Science and medicine rarely follow a simple path.

Most techniques used today to treat diseases such as cancer and Parkinson’s are built on the foundations of discoveries that came before, spurred on by a drive to shed light into the darkness and uncover the connective principles that create life.

Science devoted to fundamental understanding — such as how our genetic code is regulated or the shapes and structures of critical chemical messengers in the brain — is known as basic research. Designed to cultivate knowledge of the most foundational mechanisms and relationships in nature, basic research contributes to our understanding of what makes us and the world around us tick.

Scientists working in basic research might not always make the front page of the newspaper or be featured on the evening news, but their work is vastly important to the development of innovative applications aimed at improving human health and advancing new diagnostics, treatments and, ultimately, cures for many human diseases.

Having faith in the unexpected

Basic research is science in its most exploratory, creative form. For many scientists, it gives them the opportunity to delve into new territory where the pursuit of knowledge can lead to unexpected results.

More than 60 years ago, the double helix structure of DNA, the winding molecule that houses our genetic code, was first described. Its discovery sparked a scientific renaissance that transformed the biomedical research landscape and created a completely new way of looking at the very building blocks of heredity. This significant scientific achievement was developed from years of basic research, involving scientists using simple organisms, such as viruses and bacteria, to understand new concepts and go boldly into uncharted areas. They were not researching a specific disease or trying to uncover a concept that could be immediately applicable to a product; they were doing what basic scientists do best: exploring.

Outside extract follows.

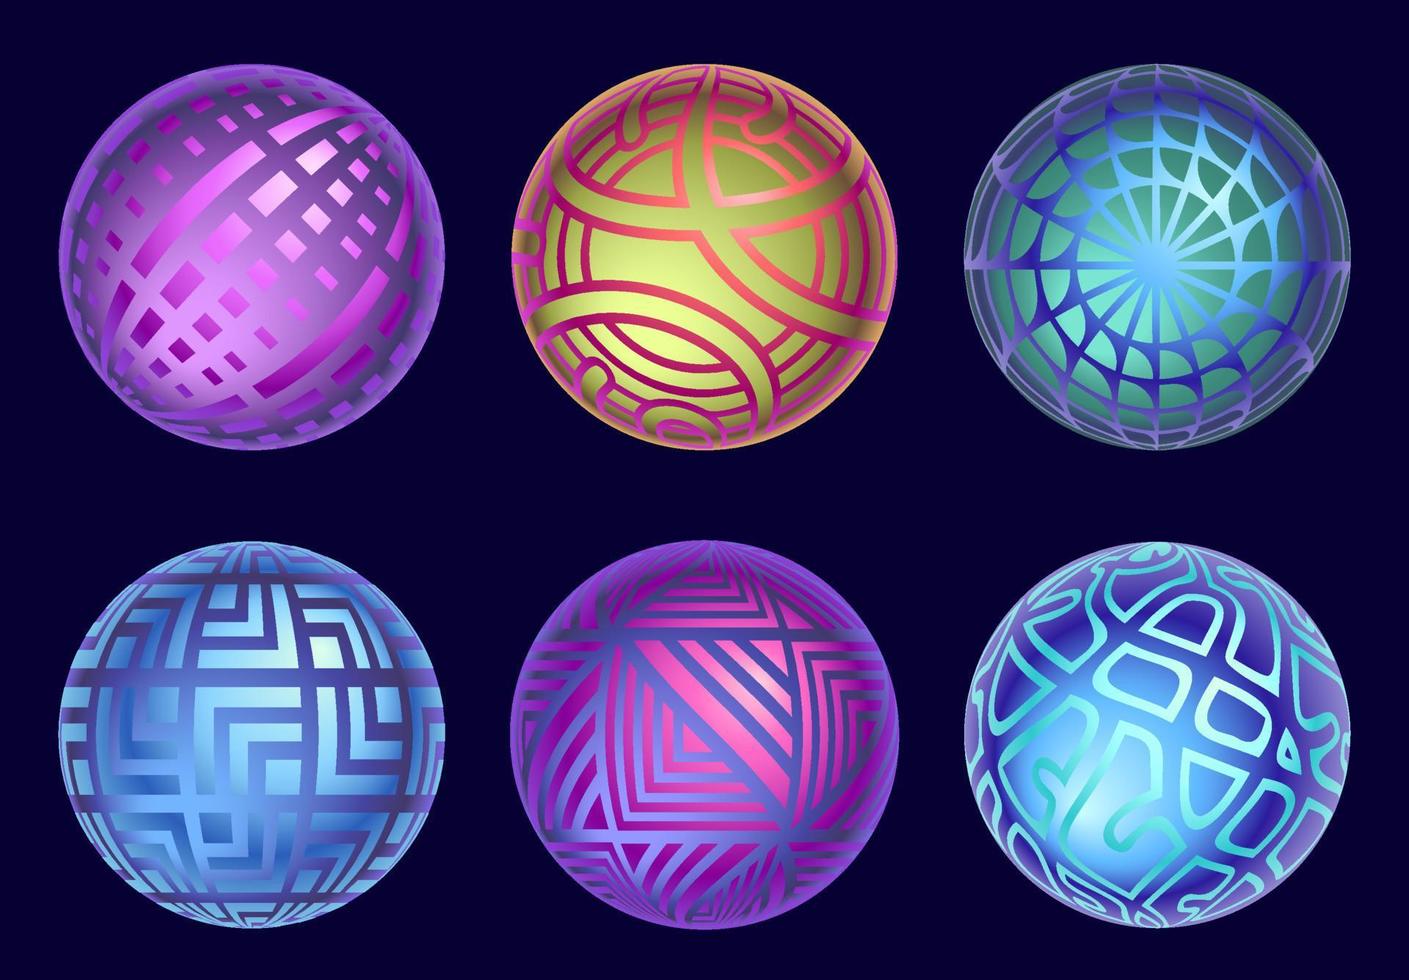 collezione di sfere magiche. set di sfere vettoriali mistiche isolate su sfondo scuro. sfere magiche misteriose astratte nei colori gialli, blu, viola.
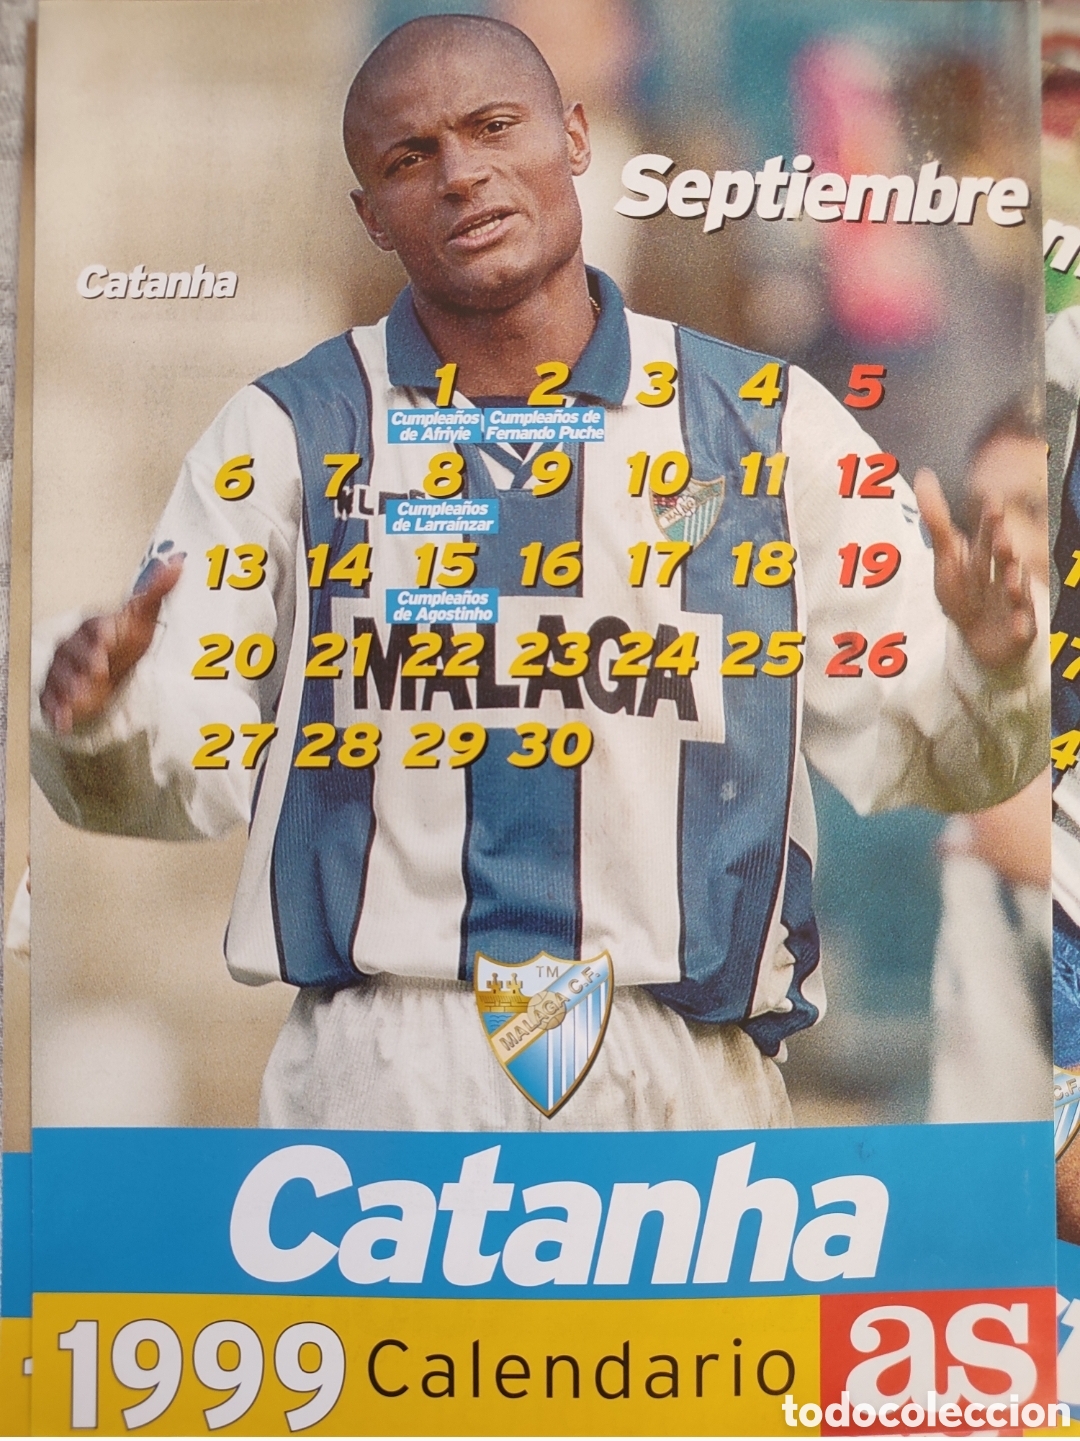 Calendario del málaga club de fútbol

A rush of firsts followed — the sequencing of the human genome, the rise of epigenetics and, more recently, cutting-edge gene editing techniques that not only power further discovery but hold great promise for treating a host of diseases.

Basic research is the backbone on which translational, or applied research, is built, and while the unpredictable nature of these efforts might not immediately seem relevant, they can often be the launch pad for life-changing discoveries. In the case of DNA, basic research helped usher in a new era of personalized medicine that changed the way we treat human diseases. A prime example is cancer, which we now know is the result of genetic mutations — aberrant changes to our DNA — that allow cells to proliferate unchecked. Thanks to the application of basic research discoveries, we can sequence DNA from an individual patient’s tumor, which allows physicians to better tailor treatment to combat their specific subtype of the disease.

Translating discovery

Those seeking to improve human health depend on the important connections that exist between basic research, technological innovation, as well as translational research to create impactful applications that can help patients.

Examples of fundamental research with outstanding potential to benefit humanity are all around us. Take The Cancer Genome Atlas (TCGA), for example. It’s a National Institutes of Health-funded, multi-institutional effort to molecularly map more than 30 cancer types. The data derived from this ostensibly basic research is publicly available, giving scientists an invaluable tool in developing new ways to prevent, diagnose and treat cancer.

The burgeoning field of epigenetics also is the result of basic research that is now being translated and applied to human health. Epigenetic mechanisms regulate the instructions written in our DNA; without them, the genetic code would be a closed book with no way for its elegantly mapped-out instructions to be acted upon.

In the 1980s, Dr. Peter Jones, Van Andel Research Institute’s chief scientific officer, made the discovery that changing the DNA methylation pattern prompted cells to transform from an immature, blank slate to a functional, mature cell, such as a muscle cell. This finding upended scientific convention at the time, and now, the lessons it taught and the subsequent discoveries it spurred are being used in the clinic to treat blood cancers. Research into epigenetics’ role in cancer also has uncovered potential new therapies for lung, bladder and colon cancers that are being investigated as part of the Van Andel Research Institute–Stand Up To Cancer Epigenetics Dream Team.

Support is fundamental

Basic research didn’t just give us the groundbreaking discovery of the double helix, the human genome and epigenetics, it also is responsible for penicillin, global positioning systems, MRI scans, laser pointers and the CRISPR targeted genome editing tool. The possibilities for what comes next are endless.

At its core, science is about our desire to uncover things that we do not know and not only understand them but put them into a larger context. Supporting research that is exploratory, risky and novel is critical for moving the biomedical research needle forward. Science cannot be relegated to what we can understand and profit from today; it must always be an investment in what we might know tomorrow.

David Van Andel is chairman and CEO of Van Andel Institute.